Well, I’m kind of glad when it is finally over. It isn’t so much the performing of the tasks, which are really easy for an experienced diver. It is more the time it takes to answer the questions on the tablet. It feels like answering a million of questions about my mood, feelings, and sensations after each exercise I perform. At some moments I would rather jumpe off the platform and dive through the pool, its cave system and down to the 40 meters to the bottom  than answer all these questions over and over again… Finally, after 25 minutes I’m done and Guy the guy from the surface plays a song into my hearing device. When I hear it, I have to laugh my head off and my mask runs full with water… He says, “Well done! You can come up now!”

Climbing out of the pool is as difficult as  climbing in it with this heavy equipment was. But on the surface three people are already waiting for me to free me quickly.

I cannot help but smile and signal “OK” to everyone. At the end of the day I contributed to a really interesting research project and I am happy I had this opportunity. All in all – it was great fun and really interesting to see the researchers’ state-of-the-art work and interact with them closely.

I know my contribution is one valuable part along with others – together we are all making a difference and taking research, innovation and development to the next level.

How did I hear about it?

I’m a diver and a DAN member and therefore receive DAN Europe’s newsletter and other mails. DAN had actually sent email invitations to their members living around Padua – and this is how I got to know about it. I’m glad I checked my email that day.

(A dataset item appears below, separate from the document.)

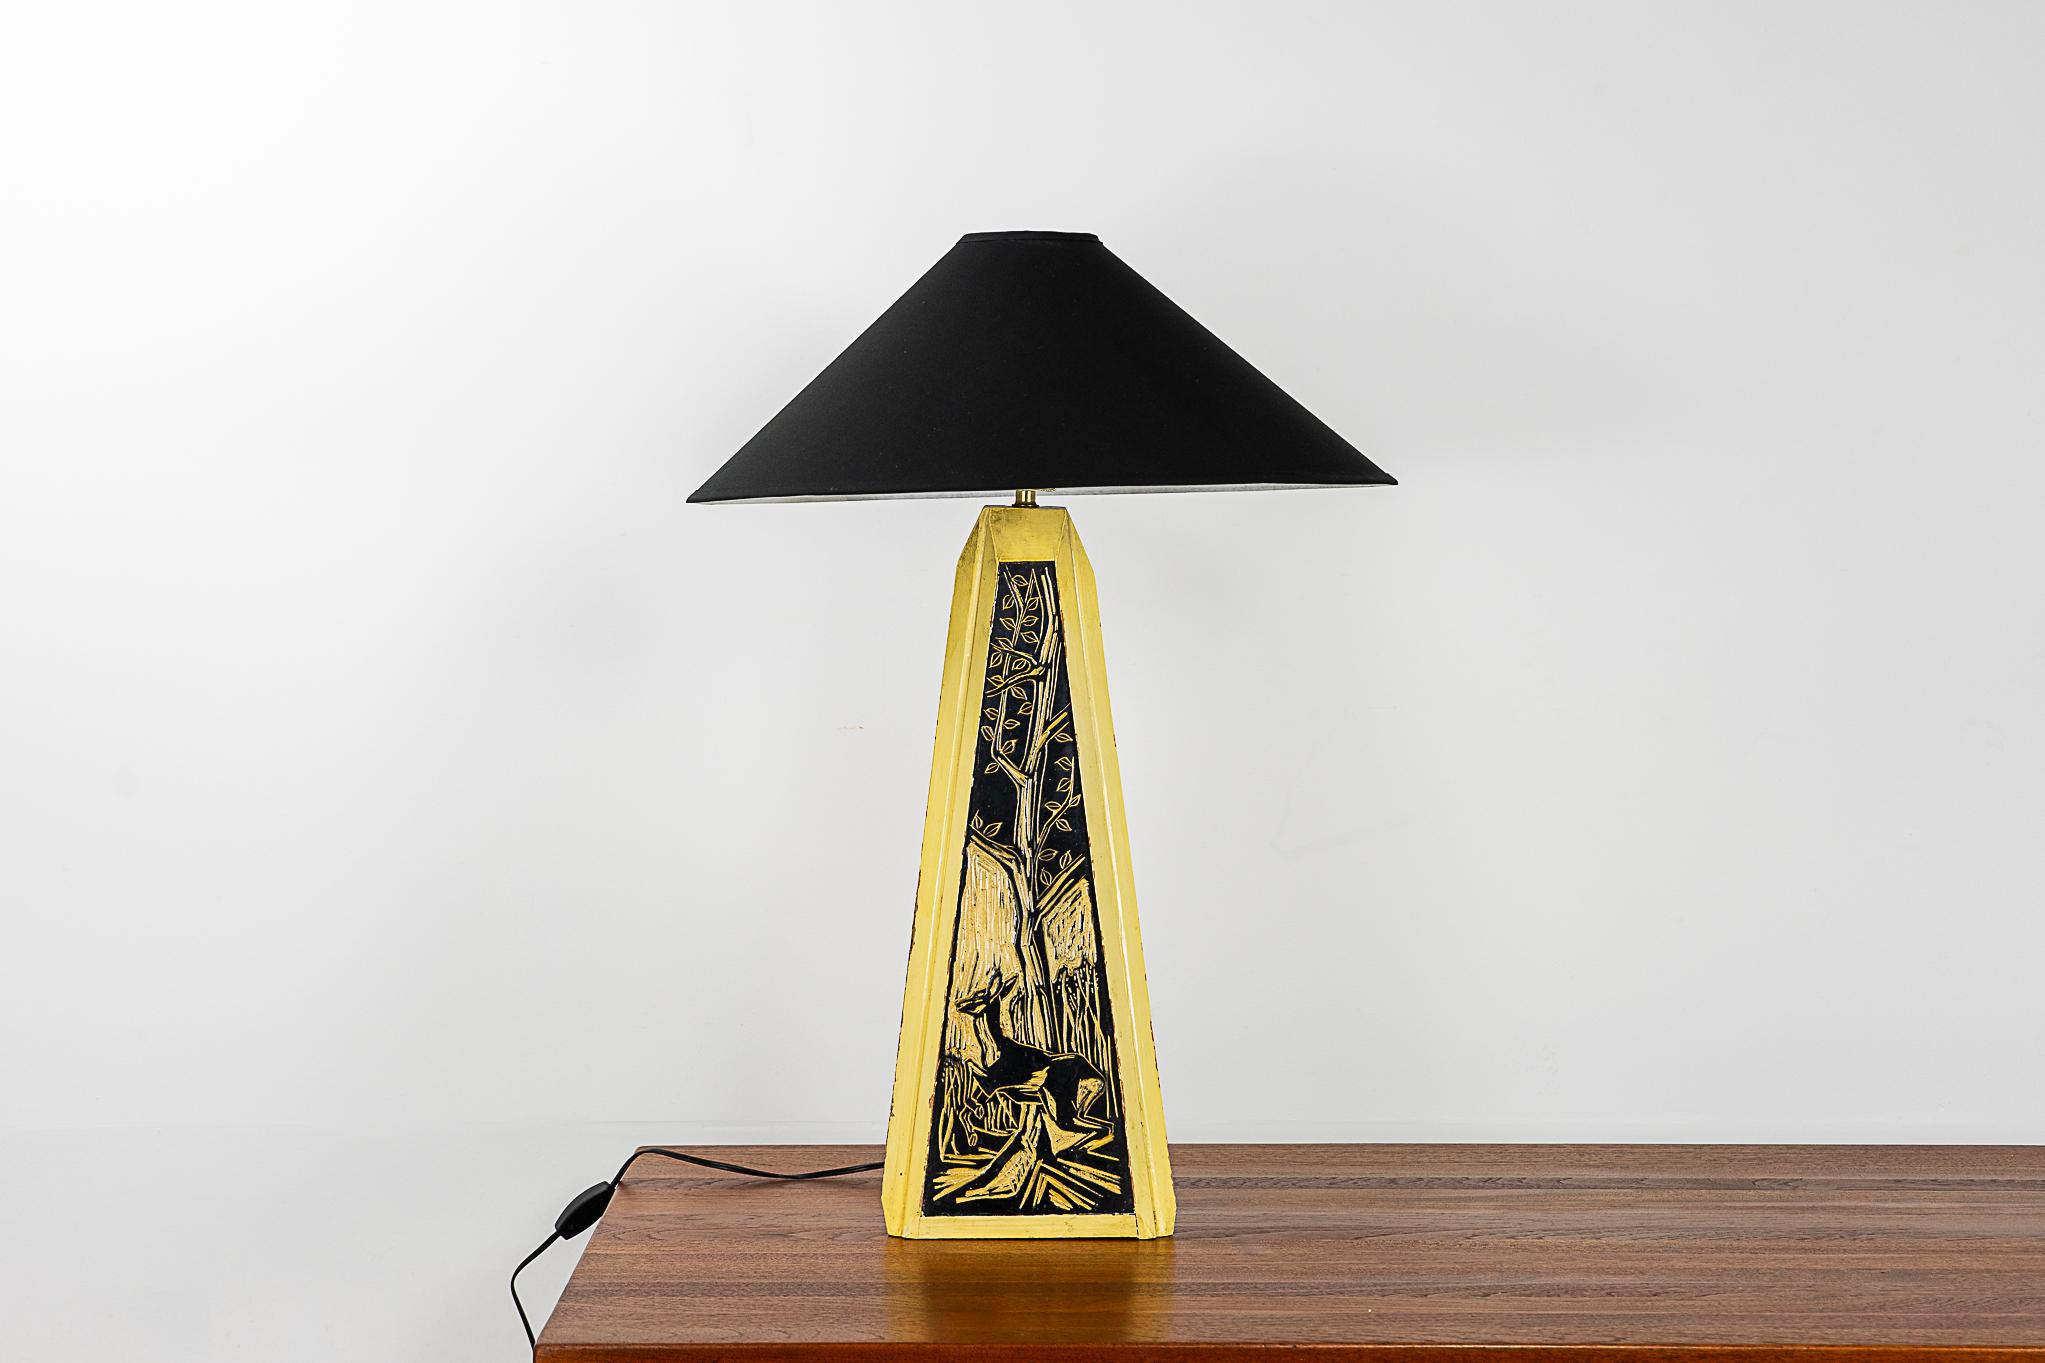 Lampe de table danoise en bois sculpté, vers les années 1960. Lampe incroyablement unique, motif en creux jaune et noir d'un cerf dans les bois sur chaque lampe. Abat-jour en tissu sur mesure et nouveau câblage avec interrupteur en ligne. Une lampe

Prerequisite for being a volunteer diver is of course being certified as a diver and having a valid medical certificate for diving.

As a reward for my volunteering, I not only get a bag with useful scuba presents – which otherwise I would have had to buy in the DAN shop – but also get the opportunity to do a real dive to 40 meters (or less) afterwards. I actually end up spending the whole day in Y-40. I really enjoyed it and I’m looking forward to DAN’s next Citizen Science project.

I’m proud to be a volunteer diver practicing Citizen Science and wish CADDY the best of luck.